Весь институт был чем-то обязан Семену Семеновичу.

Он был в течение многих лет бессменным председателем месткома и всем сделал что-нибудь доброе: кого лично устроил в институт, кому достал комнату, кому выхлопотал персональную пенсию. Он — весельчак, сыпал анекдотами и гордился своей прямотой.

На его вопрос о квартире мне отвечать не хотелось, и я только как-то нелепо улыбнулся.

— А вы не очень-то вежливы, голуба, — заметил oн добродушно и почесал свой шишковатый нос.

— Посмотрите, — неожиданно для себя сказал я.

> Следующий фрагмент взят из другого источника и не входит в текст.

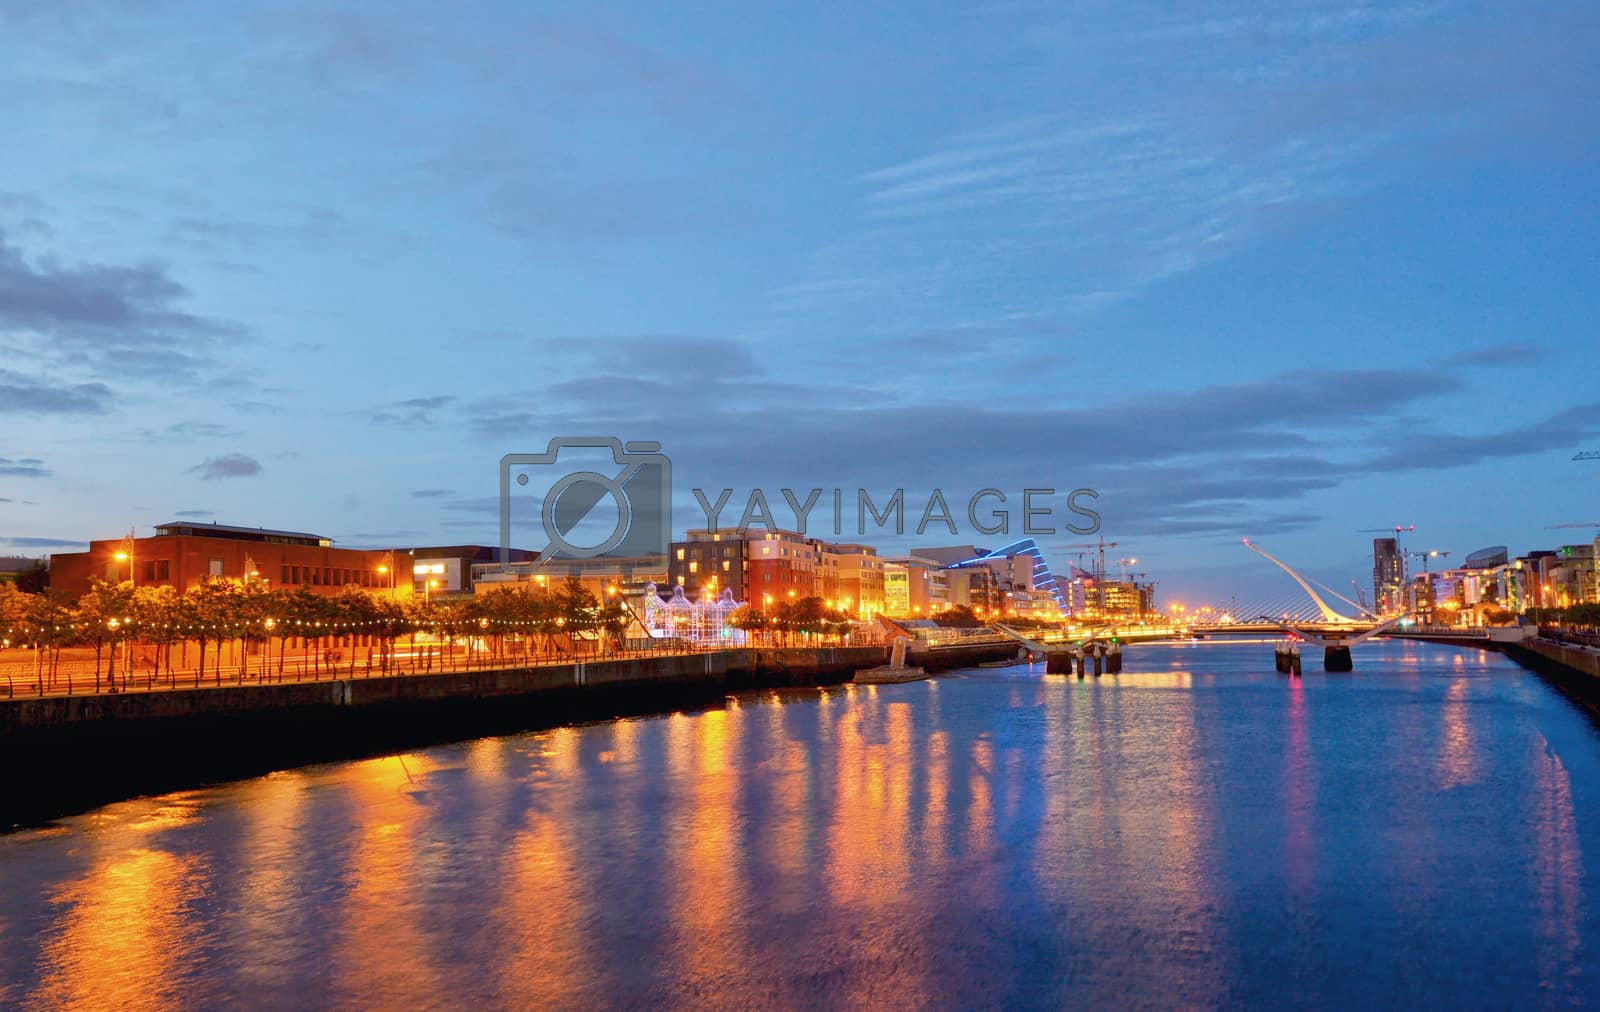 Royalty free image of Samuel Beckett Bridge and the river Liffey in Dublin by mady70

Семен Семенович снял очки, протер стекла халатом, примеряясь взглядом ко мне:

— Хотите даровать миру бессмертие? Слышал, слышал… Что ж, похвально… Вы не лишены, знаете… — oн пошевелил пальцами в воздухе. Потом, помедлив, пожал плечами, подошел к микроскопу, нацелился одним глазком, но я оттеснил его. Он даже не обиделся. Опять потрогал себя за нос.

— Что же вы, всерьез думаете, что до вас никто и не докумекался бы до этих… если бы… Диалектику небось на пятерку сдавали? Все рождается, развивается, умирает. Какая черта? — Его кустистые брови поднялись поощрительно. — В самой жизни, заложена смерть! Жизнь есть умирание. — Он мягко прошелся, хрустя халатом. — Если прямо, меня больше интересует, что там с вашей диссертацией? За вами должок — две главы. Еще — ни строки, ай-яй-яй. В предстоящем году — или вам, голуба, это известно? — совхозы области должны выйти на рубеж тысяч тонн мяса. От нас ждут выкладок по повышению питательной ценности и усвояемости кормов. Мы должны — и этому посвящена одна из глав вашей же диссертации — дать обоснованные рекомендации о методах нагула беконных свиней. А вы чем пробавляетесь, молодой человек? — Он горестно высморкался, махнул рукой и вышел. Потом вернулся с укоризной в домиках-глазах и сказал, как говорят упрямому ребенку: — Занимайтесь вашим бессмертием, ваше дело, в конце концов, — только уж в неурочное время… Хотя вас и следовало бы, — он отечески покачал головой, — пропесочить за ваши сомнительные загибоны… Поймите меня правильно: нам с вами НИКТО, — он торкнул своим толстеньким пальцем в потолок, — никто не позволит даром государственный хлеб есть. Поймите — не прихоть моя. Так что уж, голуба, в служебные-то часы занимайтесь-ка плановой темой, для вас же лучше… Нам выделили ассигнования на перспективные темы — по животноводству. На днях будет высокая комиссия, проверит… Что мы скажем? Да… и имейте в виду, что все эти баночки-скляночки — от греха подальше. — Он сделал энергичный жест и присвистнул. — Не то намылят нам с вами шею…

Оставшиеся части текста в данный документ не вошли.